Augmented Dickey-Fuller Test Unit Root Test

Test regression trend

Call: lm(formula = z.diff ~ z.lag.1 + 1 + tt + z.diff.lag)

Residuals: Min 1Q Median 3Q Max -0.081169 -0.008533 0.000466 0.009322 0.119424

Coefficients: Estimate Std. Error t value Pr(>|t|)
(Intercept) 2.580e-03 1.532e-03 1.684 0.092647 .
z.lag.1 -2.555e-04 7.039e-05 -3.630 0.000304 tt 9.511e-05 2.605e-05 3.651 0.000281 z.diff.lag 9.833e-01 5.253e-03 187.190 < 2e-16 *** — Signif. codes: 0 ‘’ 0.001 ’’ 0.01 ’’ 0.05 ‘.’ 0.1 ‘’ 1

Residual standard error: 0.01774 on 690 degrees of freedom Multiple R-squared: 0.9891, Adjusted R-squared: 0.9891 F-statistic: 2.09e+04 on 3 and 690 DF, p-value: < 2.2e-16

Value of test-statistic is: -3.63 5.5412 6.6752

Critical values for test statistics: 1pct 5pct 10pct tau3 -3.96 -3.41 -3.12 phi2 6.09 4.68 4.03 phi3 8.27 6.25 5.34

kpss.cpil
KPSS Test for Trend Stationarity

data: acpil KPSS Trend = 1.5225, Truncation lag parameter = 6, p-value = 0.01

Looking at the ADF test, we can reject that \(\gamma\) is zero, we can reject that \(\beta\) is zero, and we can reject that \(\rho\) is zero. We can conclude that the 12 month SMA CPI data is trend stationary. KPSS also confirms that the time series is trend stationary.

Box Jenkins Methodology

We truncate the data to the end of 2014. Since the data is trend stationary, we look at the second differences for stationarity. We know this from the beginning of this excercise, but we can double check since we truncated our data to the end of 2014.

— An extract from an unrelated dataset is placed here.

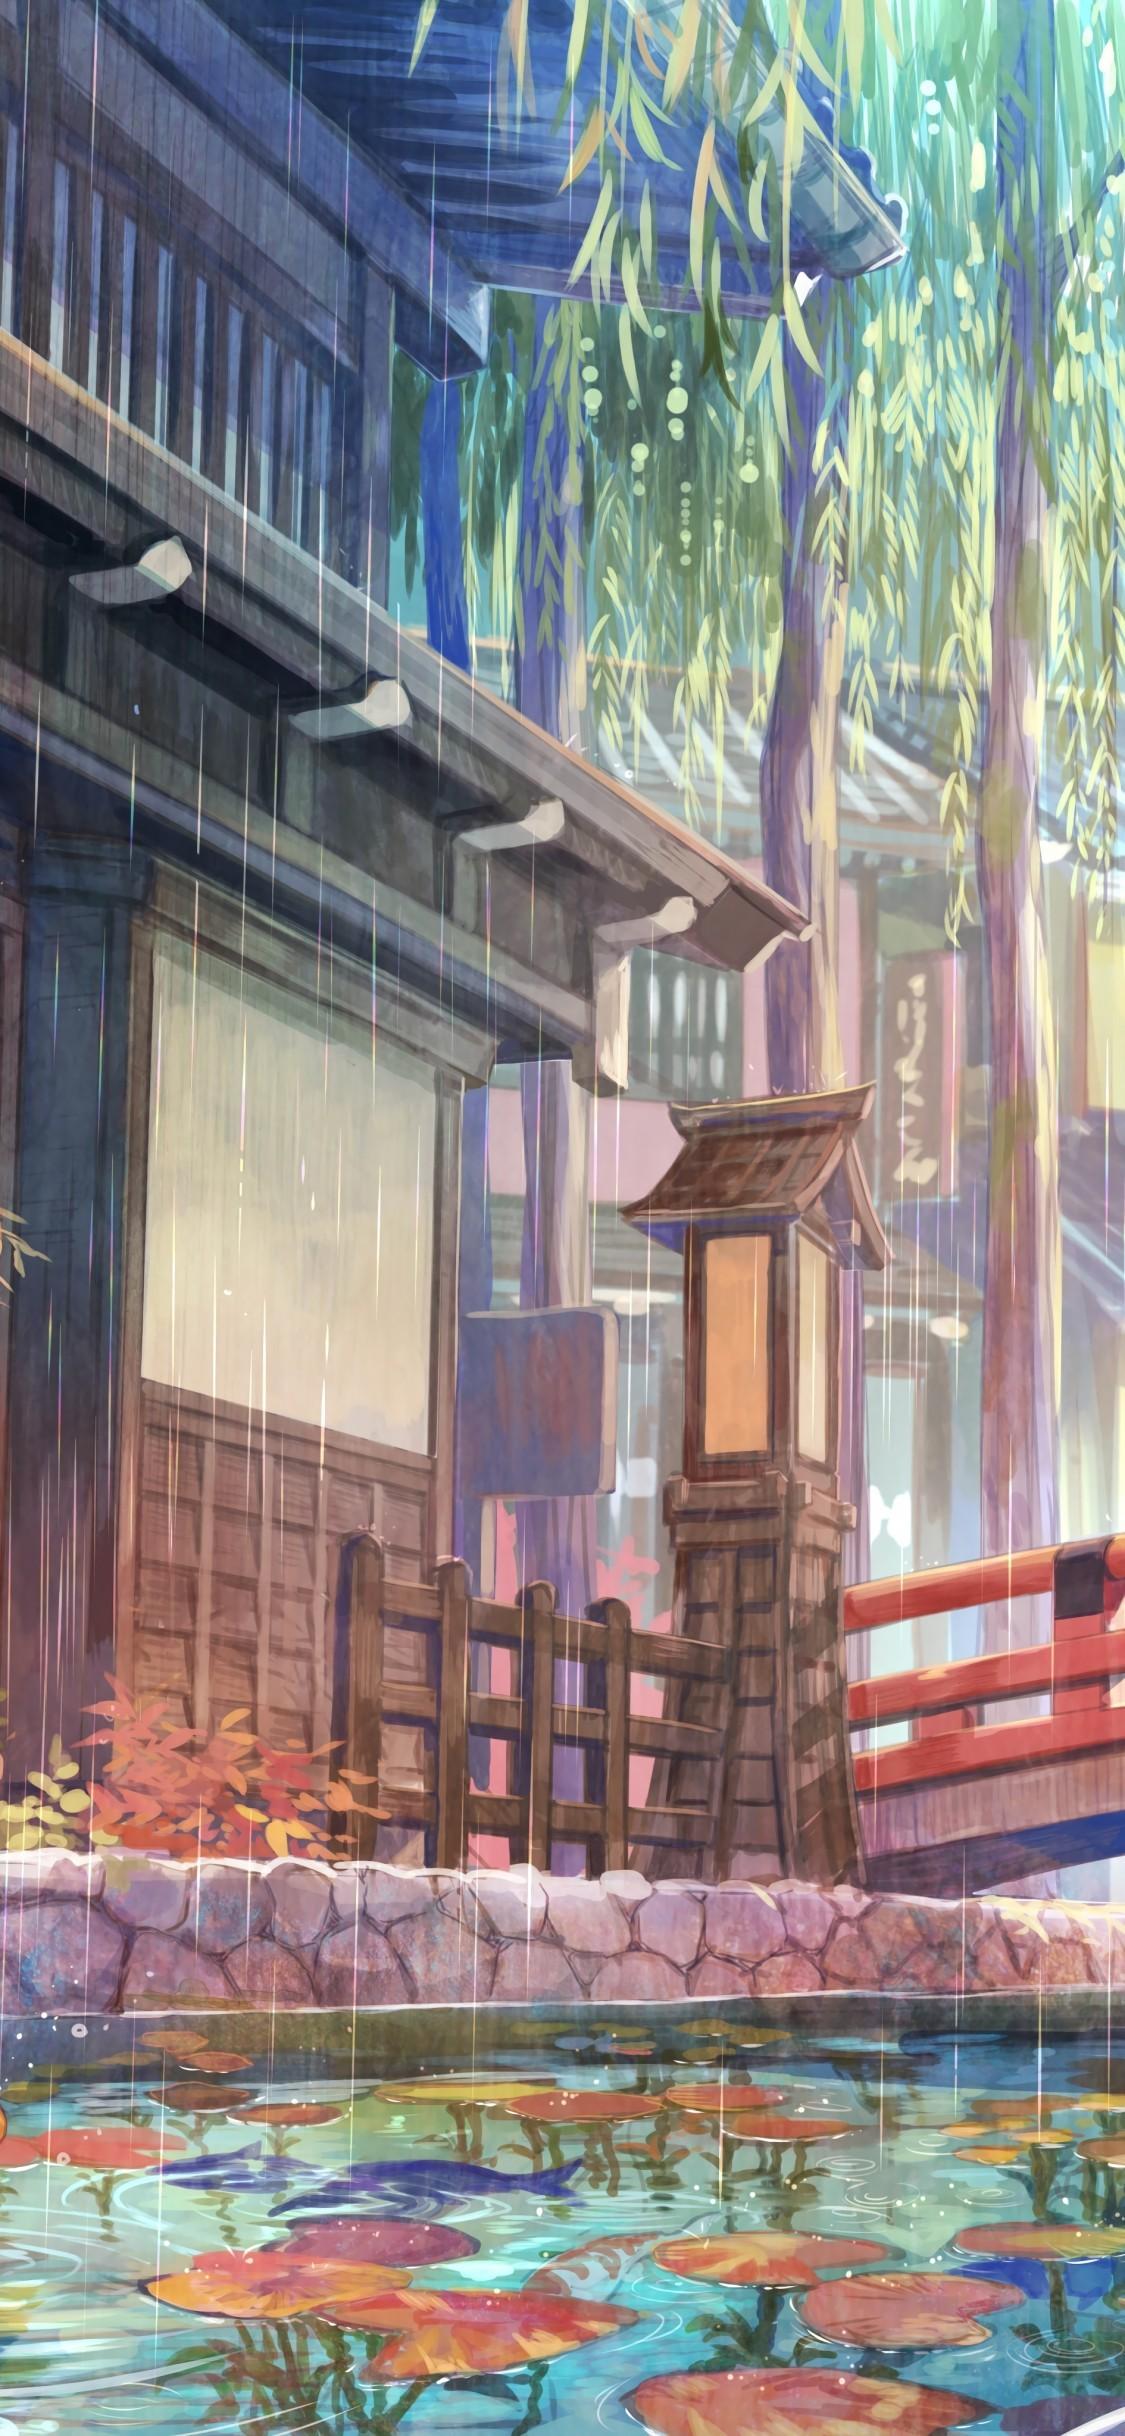 Download 1125x2436 Anime Girl, Kimono, Traditional Japanese House, Water, Raining Wallpaper for iPhone X
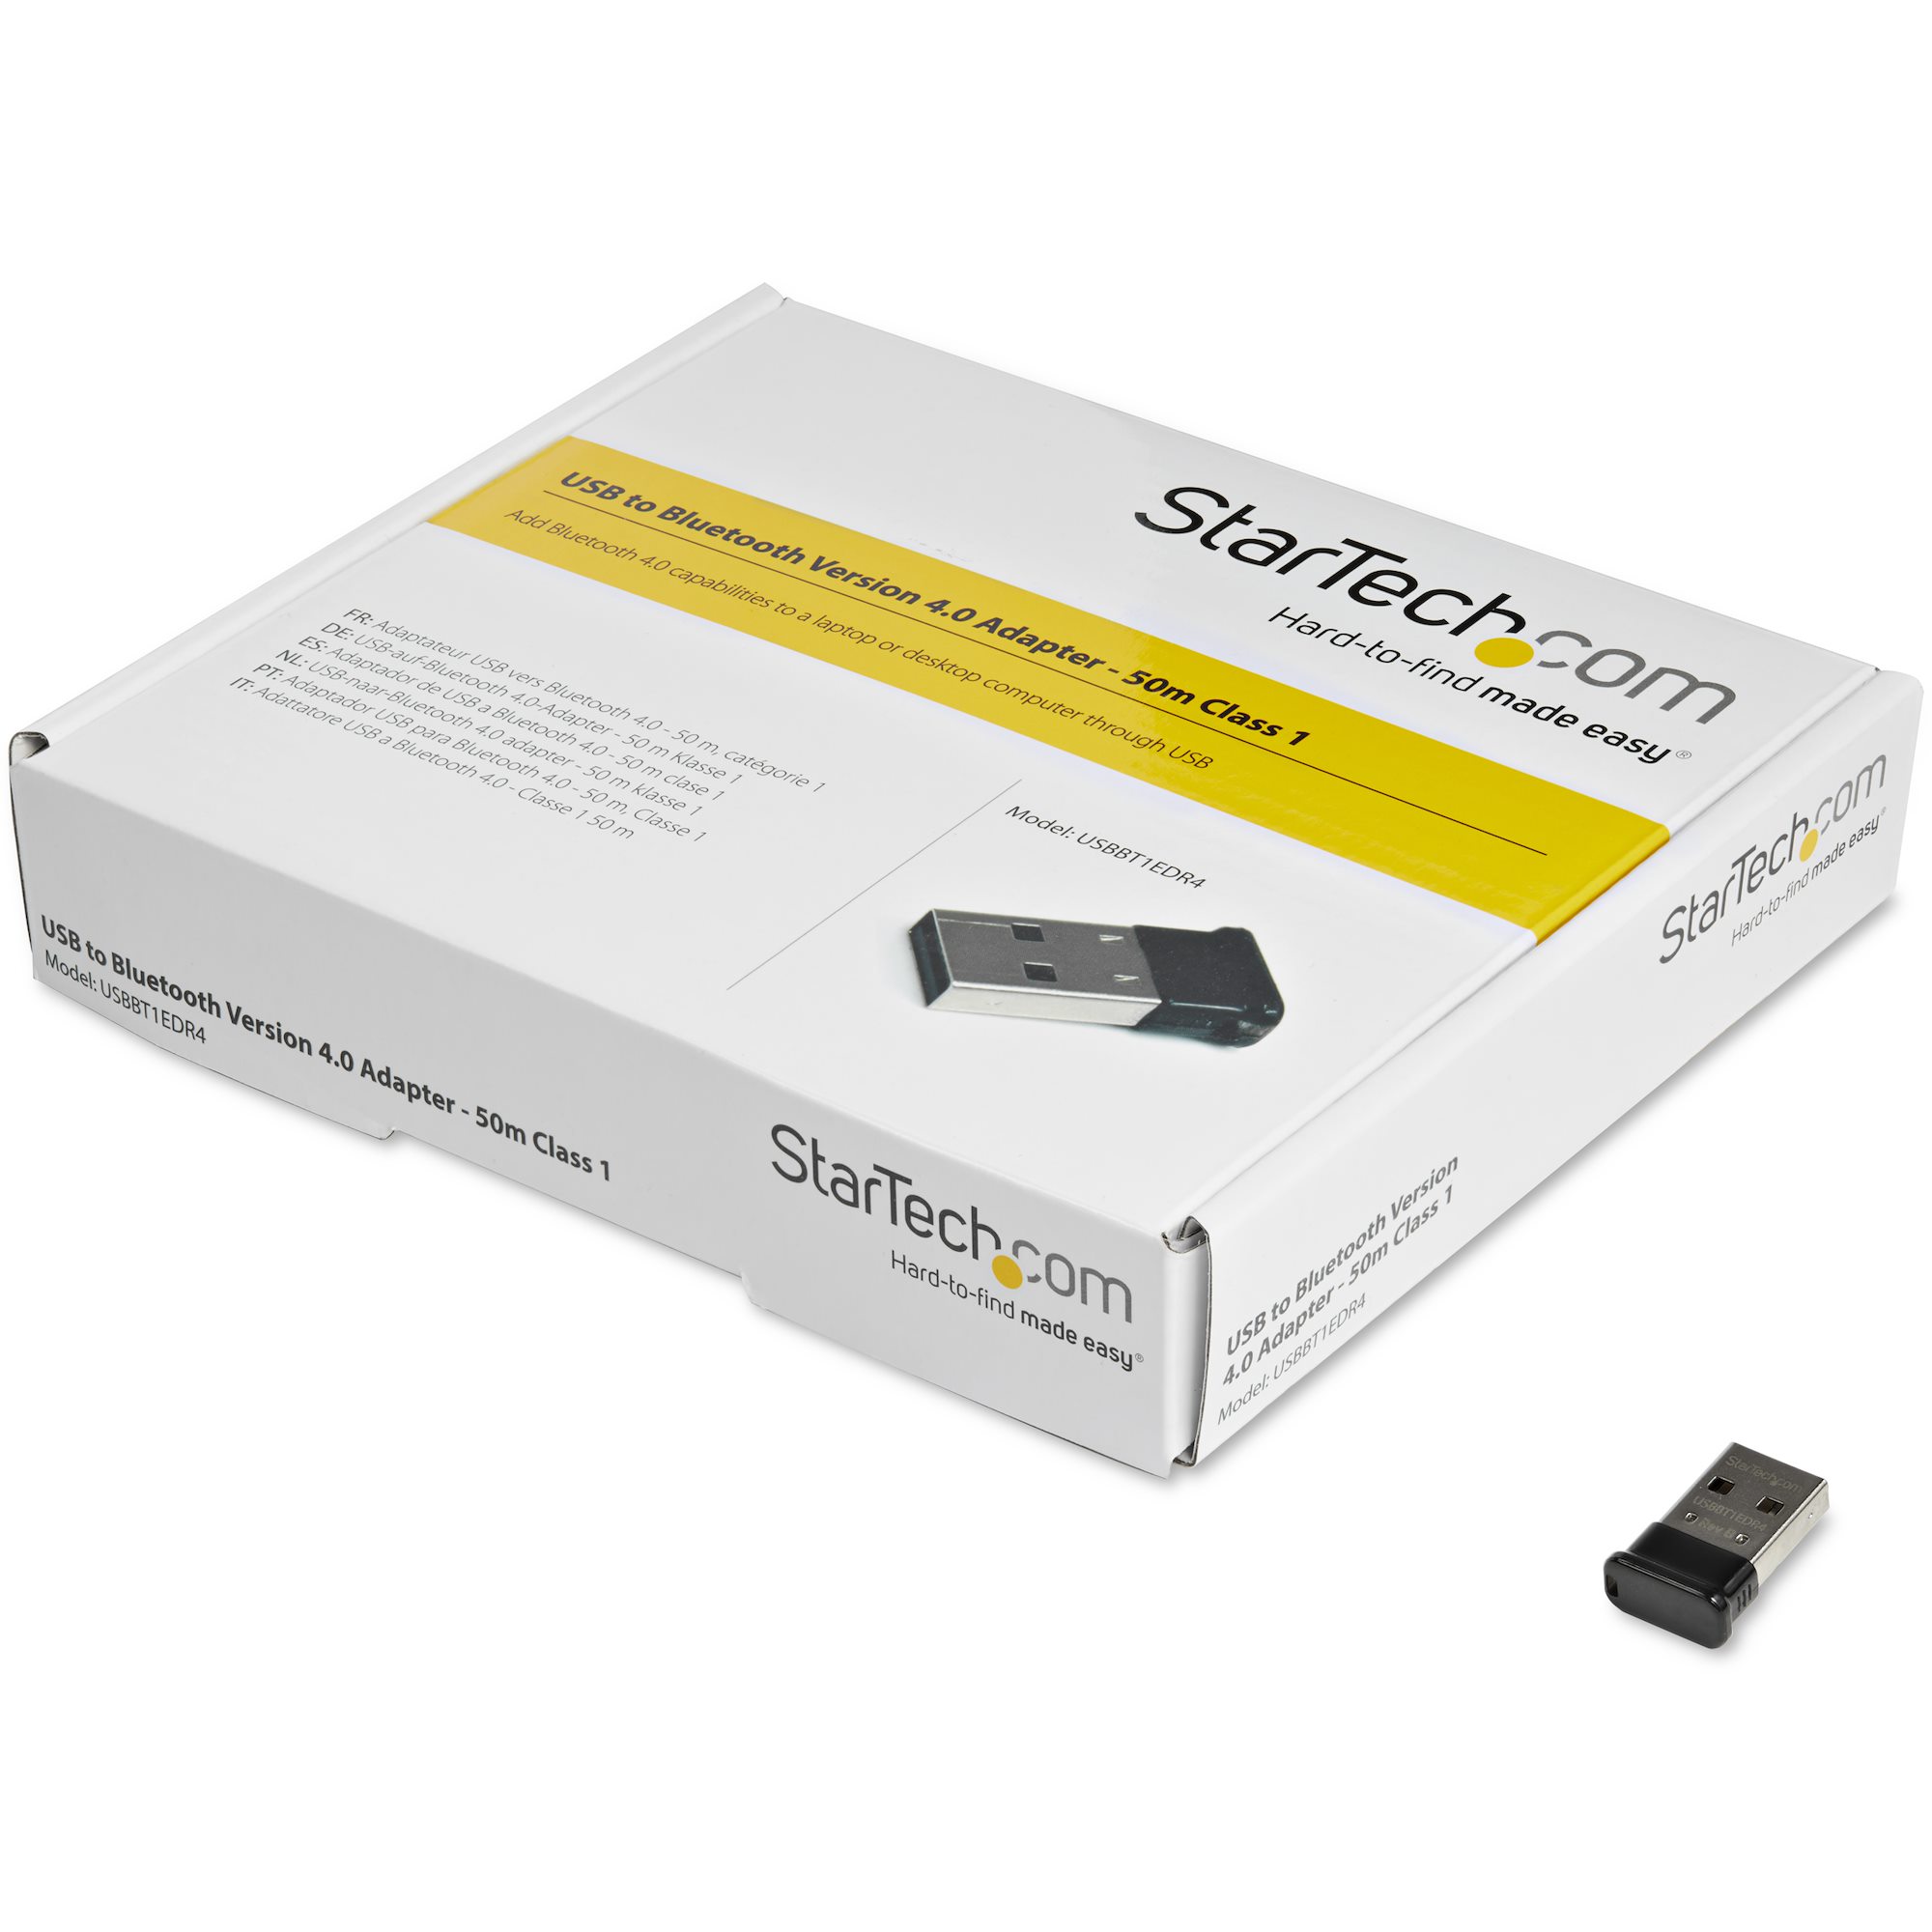 USB 4.0 Adapter 10m Class - Bluetooth & Telecom Adapters |

acpil2<-window(acpil, end="Dec 2014")
lcpil2<-log(acpil2)
dlcpil2<-diff(lcpil2)
ddlcpil2<-diff(diff(lcpil2))
par(mfrow=c(2,2))
plot(acpil2,xlab="", ylab="",main=expression(SMAy[2014]))
plot(lcpil2,xlab="", ylab="",main=expression(log(SMAy[2014])))
plot(dlcpil2,xlab="", ylab="",main=expression(paste(Delta, "log(SMAy[2014])")))
plot(ddlcpil2,xlab="", ylab="",main=expression(paste(Delta, Delta, "log(SMAy[2014])")))

So we confirm that we use the second differenced data in the lower right hand chart.

ACF & PACF Suggestions for Estimated Model

Lets look at the ACF and PACF of our second differenced data.

par(mfrow=c(1,2))
acf(ddlcpil2,type='correlation',na.action=na.pass,lag=96)
acf(ddlcpil2,type='partial',na.action=na.pass,lag=96)

Looking at the ACF and PACF, it seems that our data is AR(2). Lets look at the Ljung-Box Q Statistic to confirm.

Ljung-Box Q Statistic

ARMA20 <- arima(ddlcpil2, order=c(2,0,0))
tsdiag(ARMA20,gof.lag=12)

After trying out various ARIMA combinations using the Ljung-Box Q Statistic, I settled on an AR(2) process for the estimator.

Now I test our ARMA(2,0) model for significance.

##          ar1          ar2    intercept 
## 3.224088e-13 1.736295e-06 9.576907e-01

The ARMA(2,0) does indeed show significance. Next we do the BIC check.

BIC Check

BIC(ARMA20)
## [1] -9757.388
AR22<-arima(ddlcpil2, order=c(2,0,2))
BIC(AR22)
## [1] -9744.783

We see that the AR(2) model is better than an ARMA(2,2) because the former’s BIC value is lower.

Forecasts

Now we will construct forecasts using the AR(2) model and estimate how close we get to the actual housing starts values from Jan 2015-Nov 2015. Then I will plot that data as well as a forecast till the end of 2016.

library("forecast")
ARMA20fore<-forecast.Arima(ARMA20,h=24)
plot(ARMA20fore, xlim=c(2005,2016),ylim=c(-0.0005,.0004))
lines(ARMA20fore$mean, type="p", pch=16, col="blue")
lines(ddlcpil, type="o", pch=16)

The blue dotted line is our forecast, and the black dotted line are the actual values. The AR(2) forecast is relatively close to the actual values and seems to be a reasonable forecast.